---- Given records
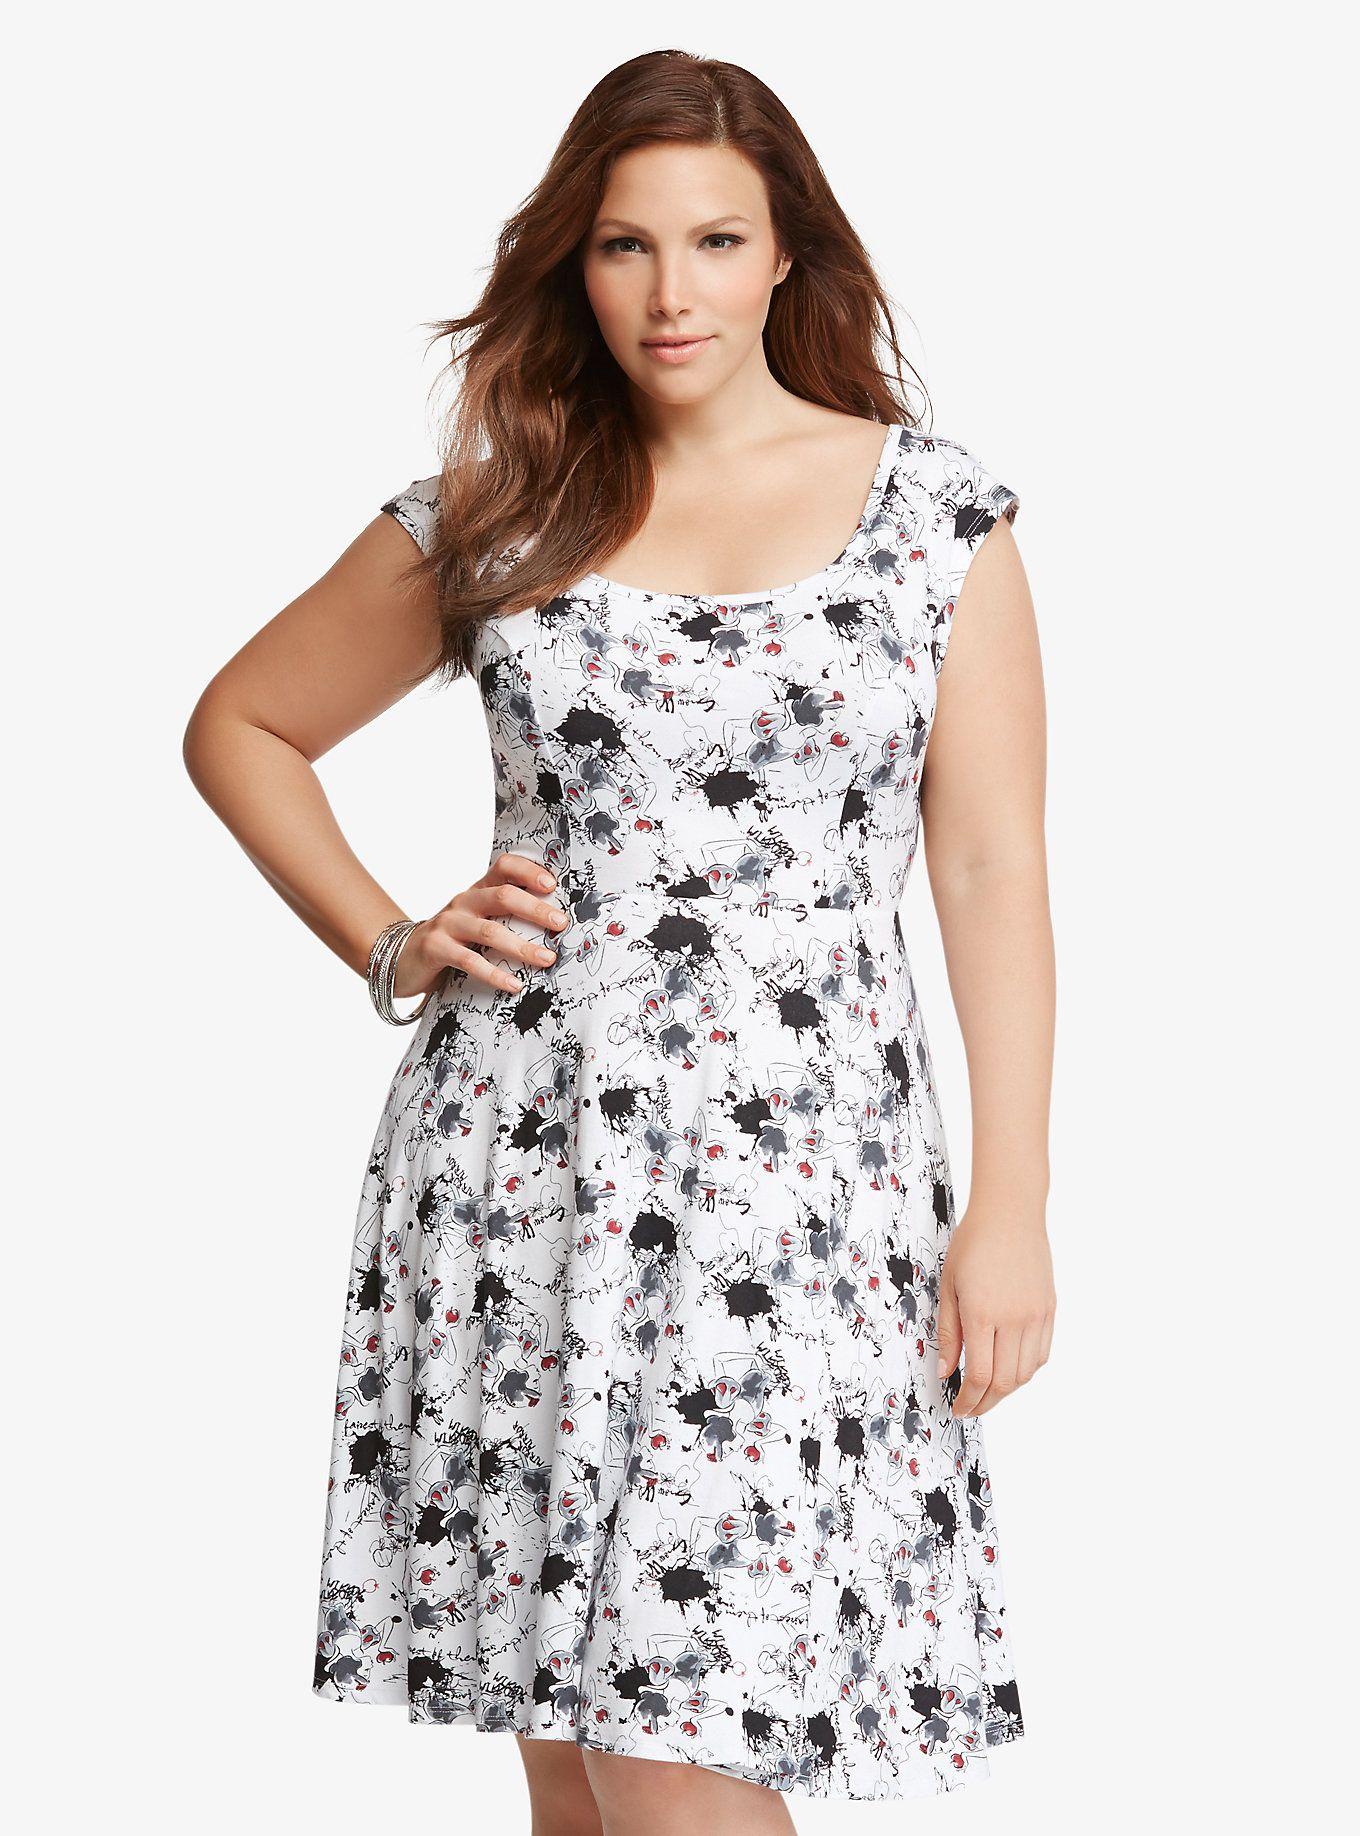 Dress size 24 torrid dress 24 torrid black and white draped v neck - Disney Snow White Print Skater Dress Torrid
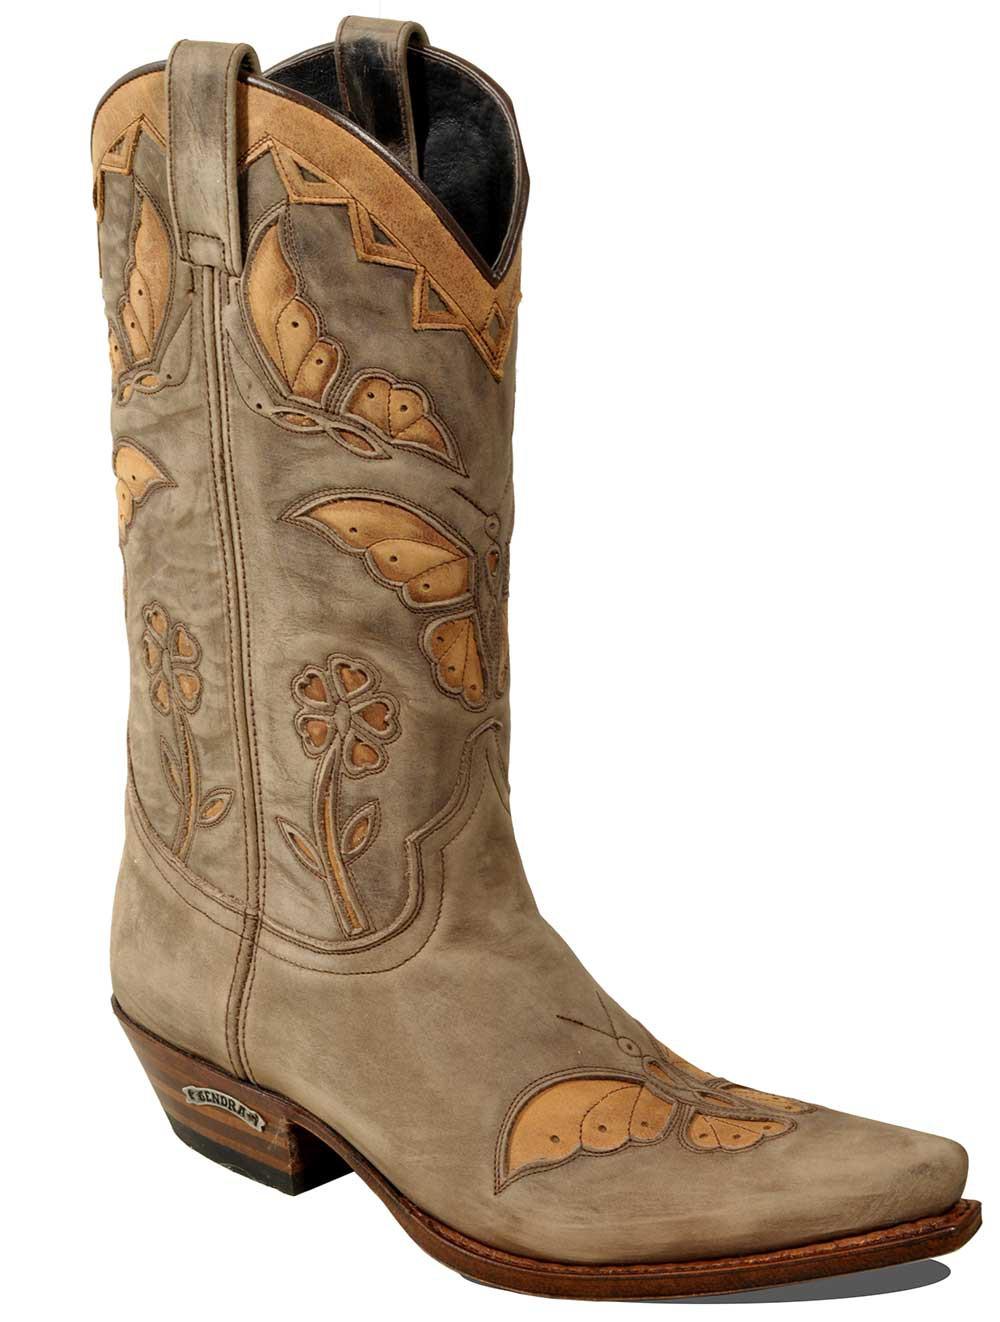 sendra boots 12969 dark taube ndyqmze
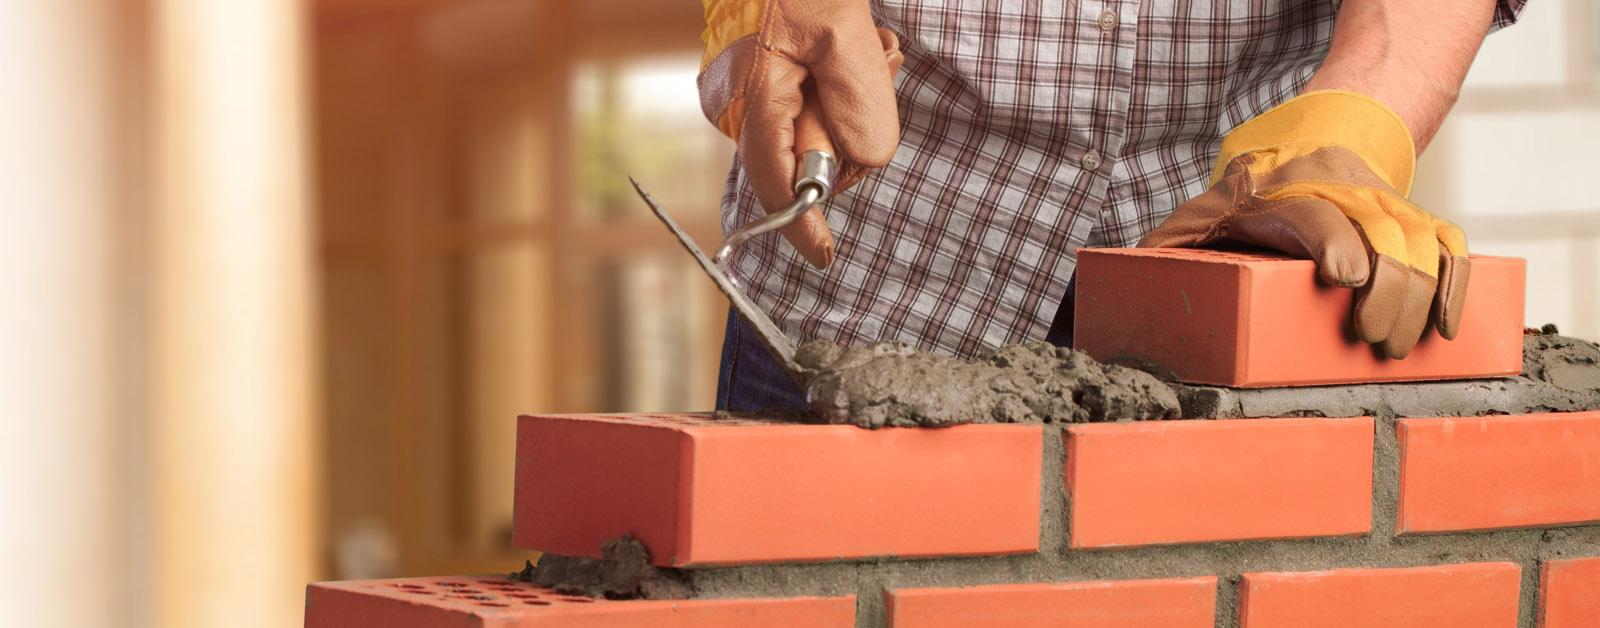 Meisterbetrieb des Bauhandwerks
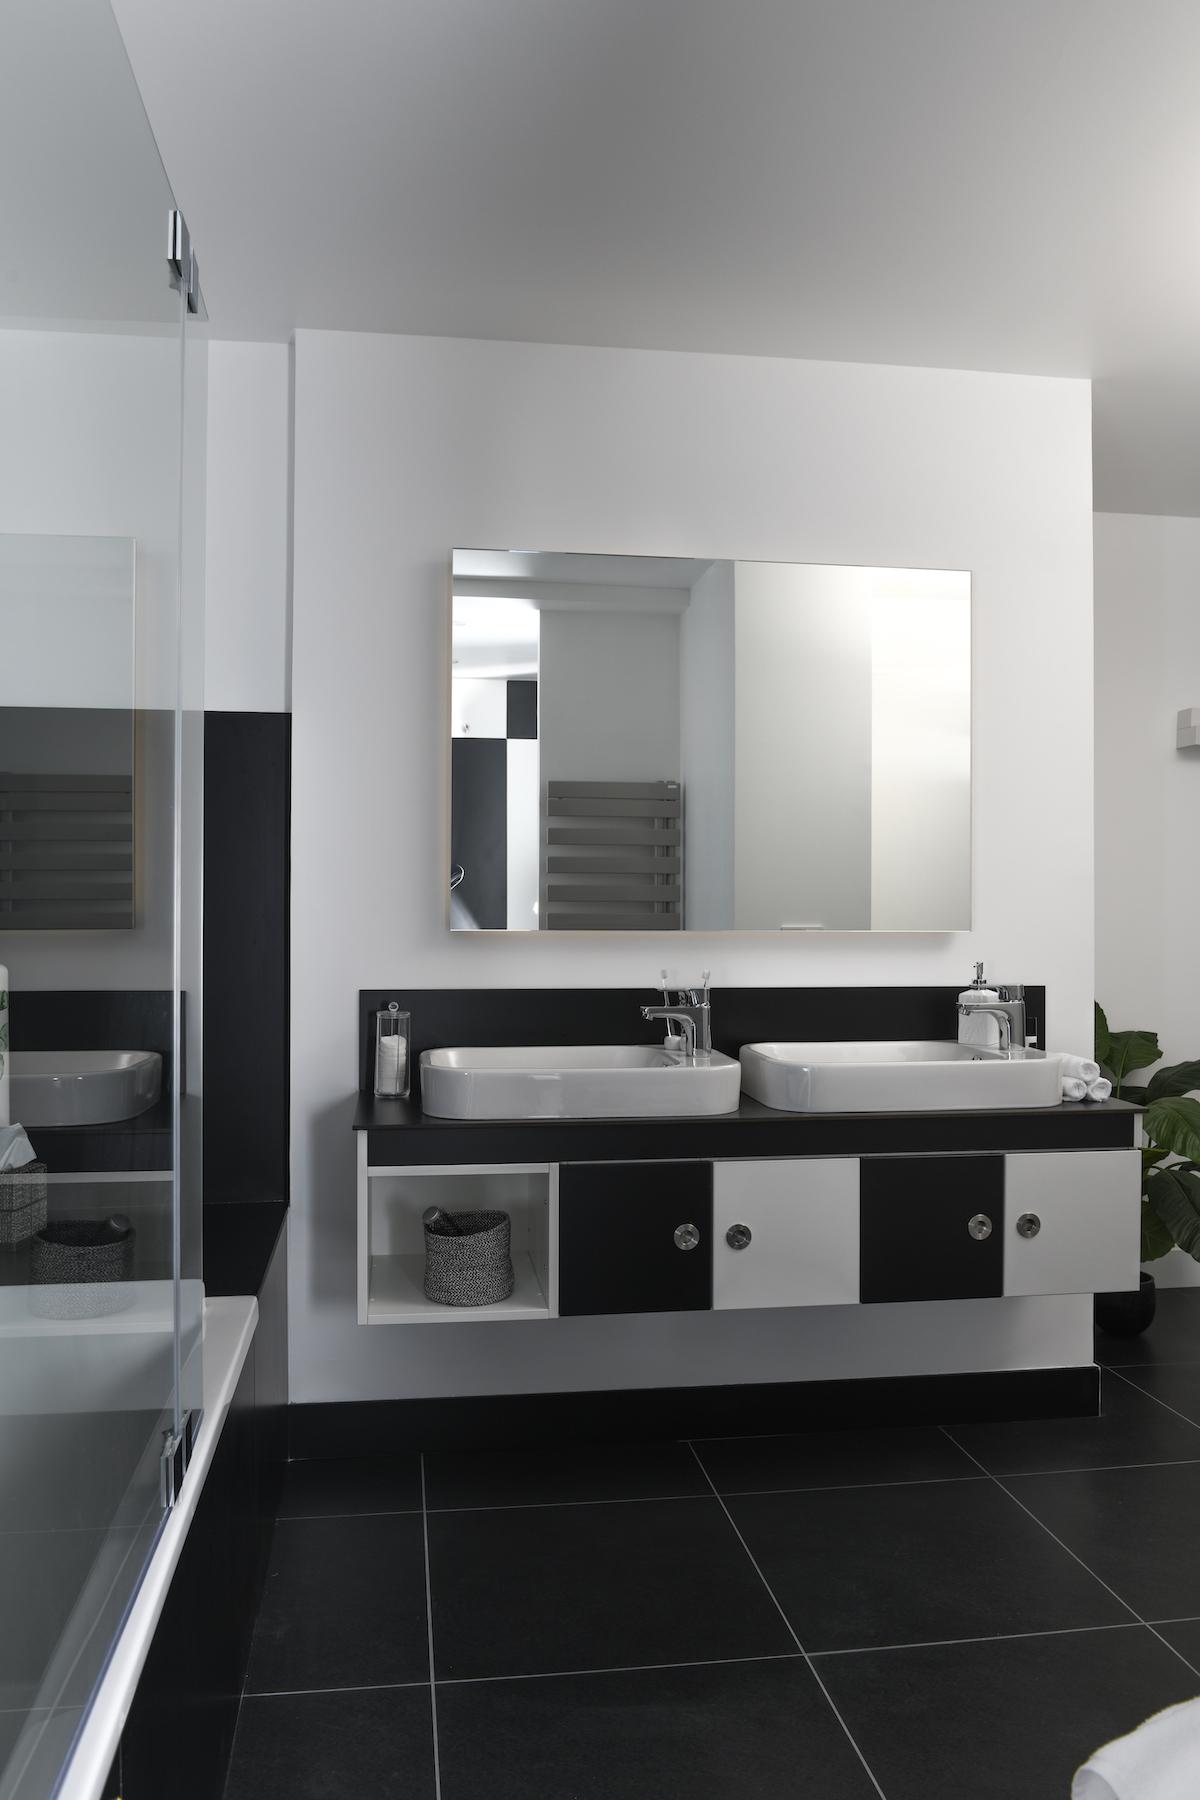 salle de bains damier noir blanc rétro design
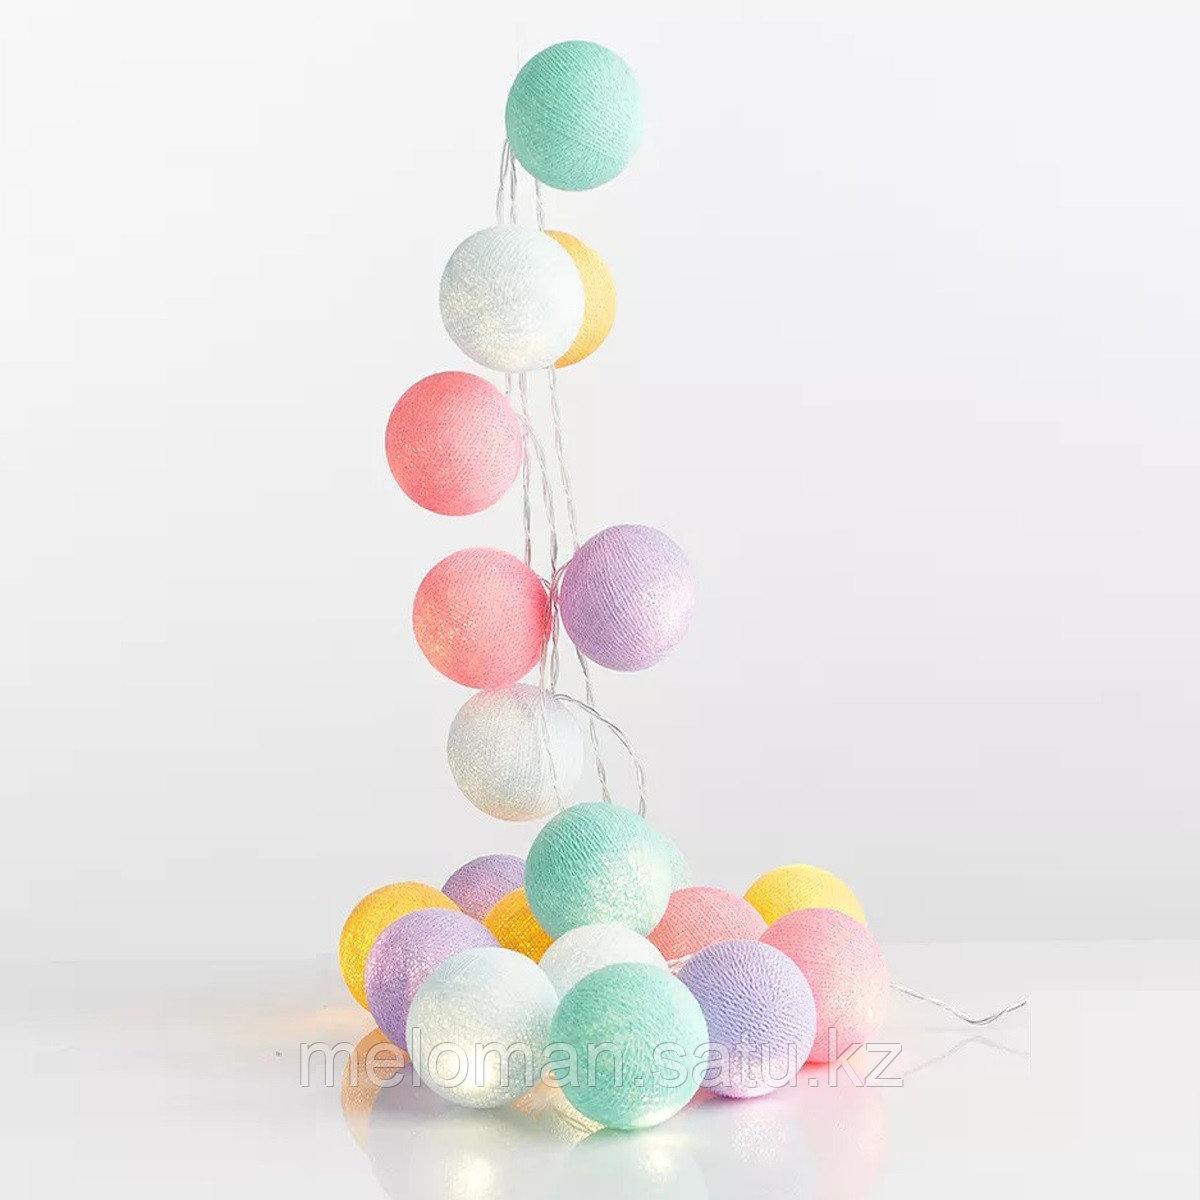 Гирлянда декоративная Парадайз 20 шаров/сеть - фото 3
--------
_Prompt:_ Omit the pictures, then output the rest of the listing exactly.

_Response to this task:_
 Dress size 24 torrid dress 24 torrid black and white draped v neck - Disney Snow White Print Skater Dress Torrid
 sendra boots 12969 dark taube ndyqmze
 Meisterbetrieb des Bauhandwerks
 salle de bains damier noir blanc rétro design
 Гирлянда декоративная Парадайз 20 шаров/сеть - фото 3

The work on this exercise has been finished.